VCY wrote in post #16501747
I have considered renting out a safety deposit box at my local bank to store backup hard drives of archives of my raws and processed images; my bank claims that the box is fire-proof. I've yet to ask them but I am wondering about the water-proofness and earthquake-proofness of their box.
I'll be speaking to my bank about a safety deposit box today. My bank sits 30 metres above the rivers on a hill, and the deposit box room isn't in the basement. Earthquakes aren't an issue here, but I'll see if I can get a box big enough to hold a small pelican case just in case of water. They didn't even lose power during the floods.
Great idea. 
monty87 wrote in post #16501762
I use crashplan. They also offer a service to transfer large amounts of data by sending you a hard drive that you can upload to and send it back to attach to your cloud storage account.
I installed this last night and checked it out. It might be a handy solution for some of my personal stuff, but the online storage options are way too costly for me for the volume of stuff I personally have.
It looks like they have some great features for U.S. costumers, so it might be a good solution for some of you.
hollis_f wrote in post #16503042
Firesafe in a friend's office about 10 miles away. But that's a copy of other backups. Anything that's stored in just one place isn't a backup. Not much you could have done about the negatives, but there's no real excuse for having only one copy of digital images.
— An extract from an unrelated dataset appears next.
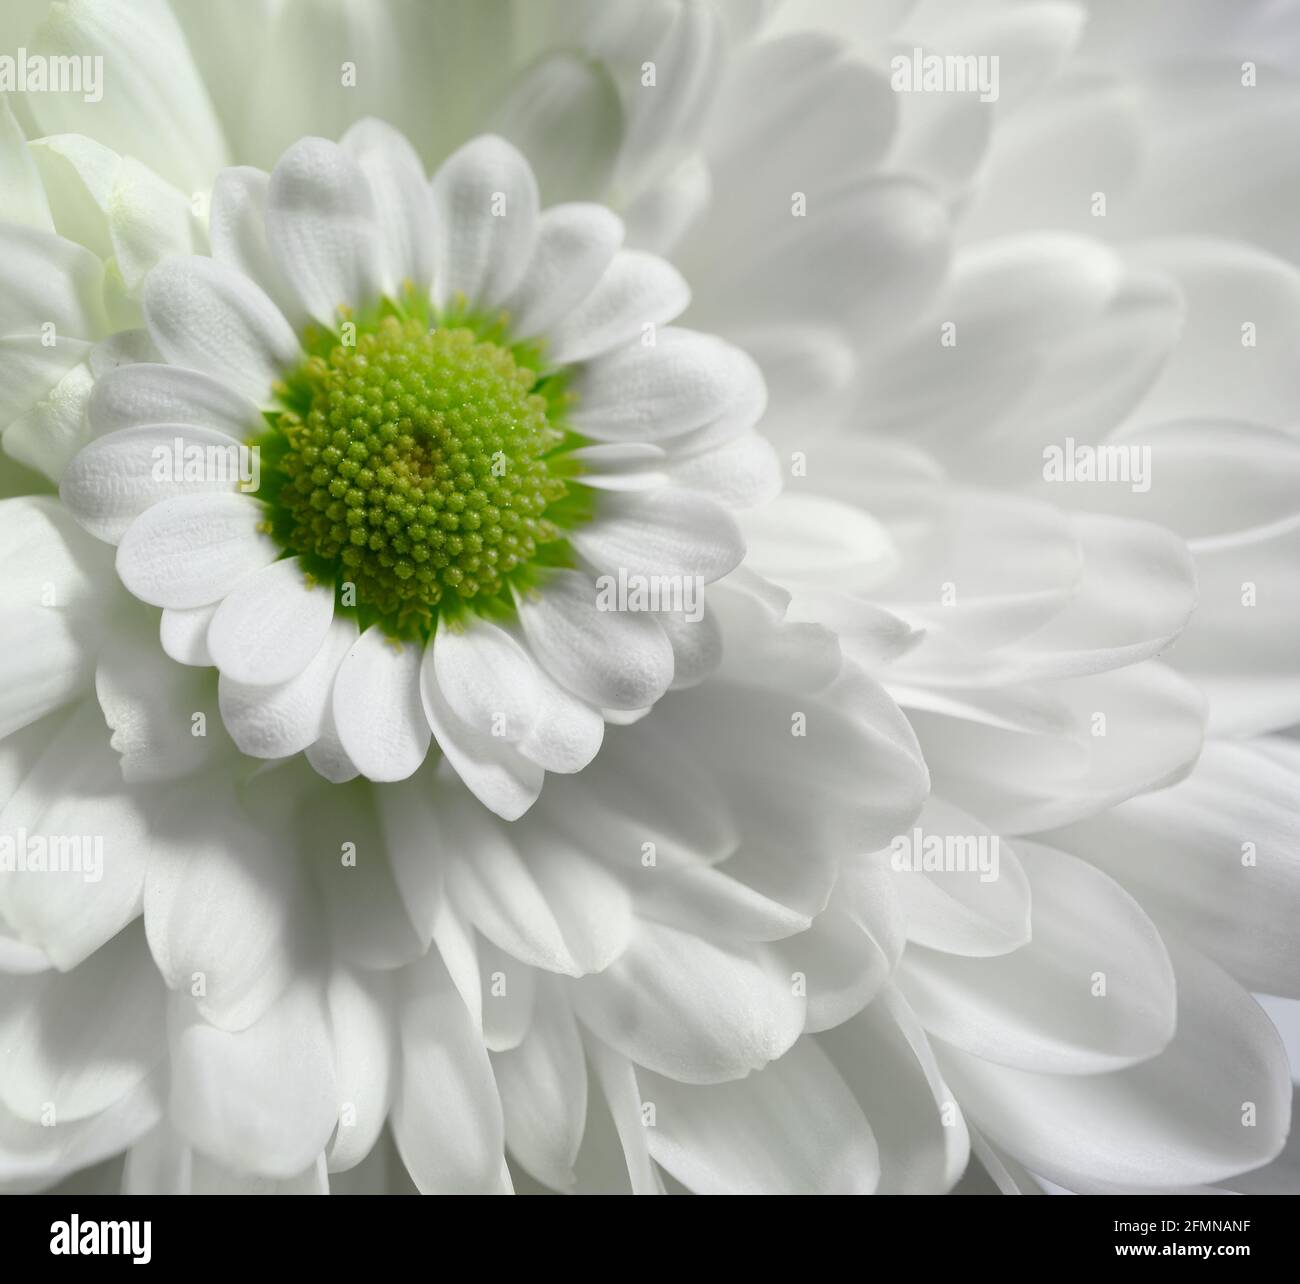 Common daisy close up macro Stock Photo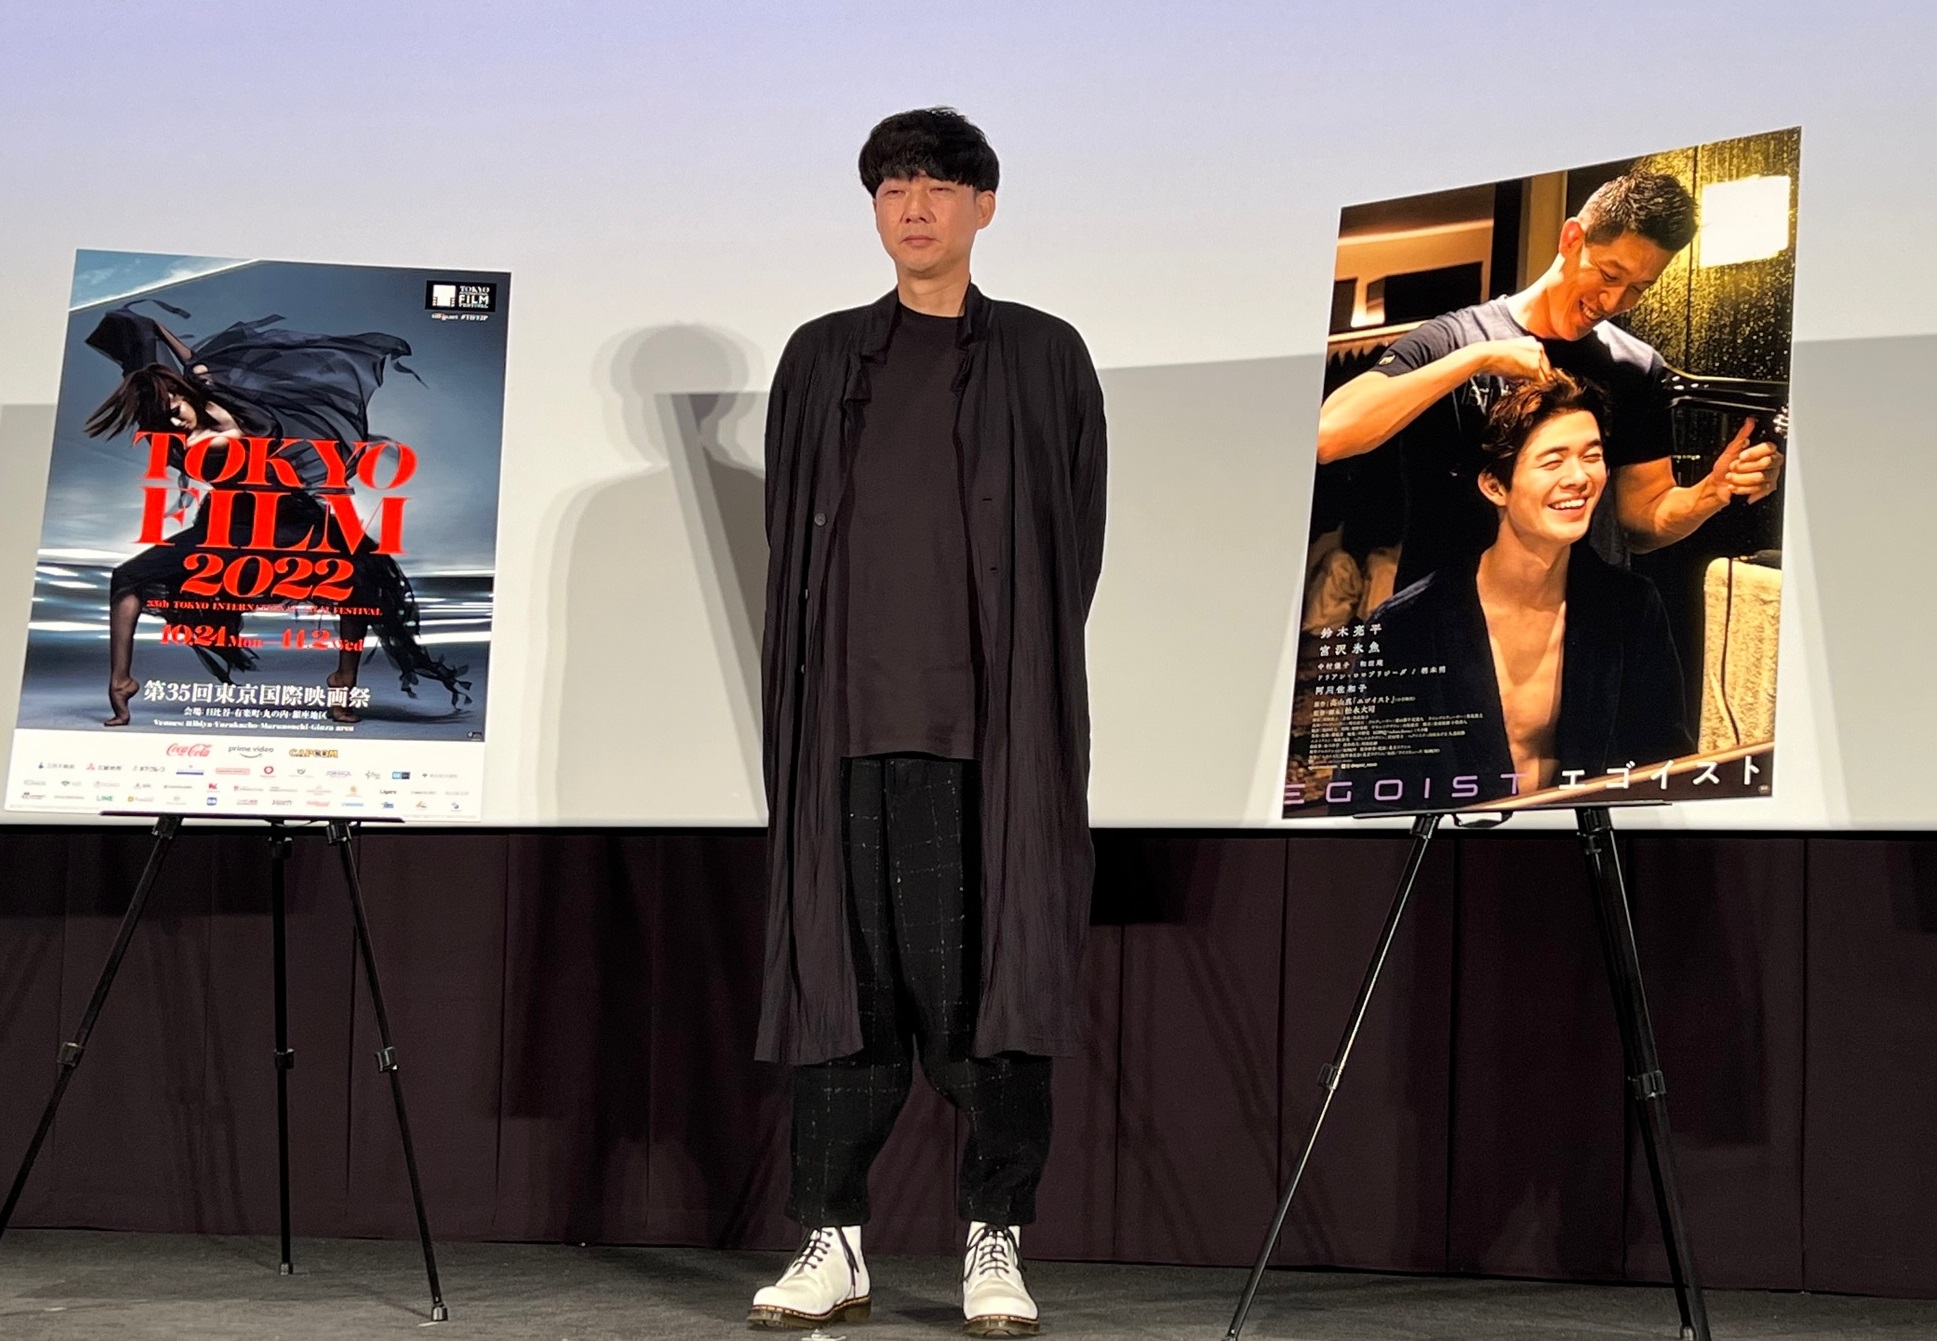 松永大司監督「エゴイスト」の東京国際映画祭ワールドプレミアで同作を語る　「鈴木亮平と沢氷魚が演じるラブストーリー」

Oh, I had duplicate copies. I don't completely trust SATA drives as sometimes the plates will seize. They're cheap, so I had two or three of each. They were just all in the same place.
And, they weren't in a Pelican Case (which probably would have saved them).
I'm a cartographer in a legal land survey firm. We're required, by the government, to store all of our documents, field books, notes, and files relating to jobs for a minimum of ten years. To put my photos in the same storage room seemed like a solid idea at the time. Hindsight being 20/20 . . . dumb, dumb, dumb.
Yes, the company lost all of our documents, field books, notes, and files.
A fire fighter friend of mine (when we were discussing ammo storage) advised me that fire proof safes can still get very, very, hot inside. While things may not burn, they can (and do) melt. Things (like ammo and even cans of soup) can also get so hot they'll explode inside them.
Have you looked at the temperature ratings of the safe in your friend's office: how hot it gets how quickly?
John from PA wrote in post #16503111
All my digital images are stored on DVD, and there are two copies made. DVD's and CD's will survive flooding, especially if they are properly stored in cases.
As far a digital goes I lost around 2tb of work: RAW, jpeg, high res scans of my 35mm work, and products. It would have taken a minimum of 2996 CDs for archive copies, and another 2996 CDs for a backup copy of each. That's a minimum of 5992 CDs: providing all of the CDs were perfectly full. For DVDs, it would still take a huge number.
I had ten SATA drives. Everything (negatives included) fit into two standard file archive boxes. Had we had any idea how bad things were going to get, I easily could have tossed them into my truck when I left work. The basement didn't start to take on water until late that night.
I've got ~500GB just of RAW images since September. My volume since September has been freakishly high. I took on a volunteer position as a minor hockey photographer in September, and I don't delete anything. Ever.
I do think archival quality DVDs and CDs are probably the best idea, but they're not always a practical, or even workable, solution.
I'm thinking the safety deposit box (something I never considered before), could be part of a great solution for me.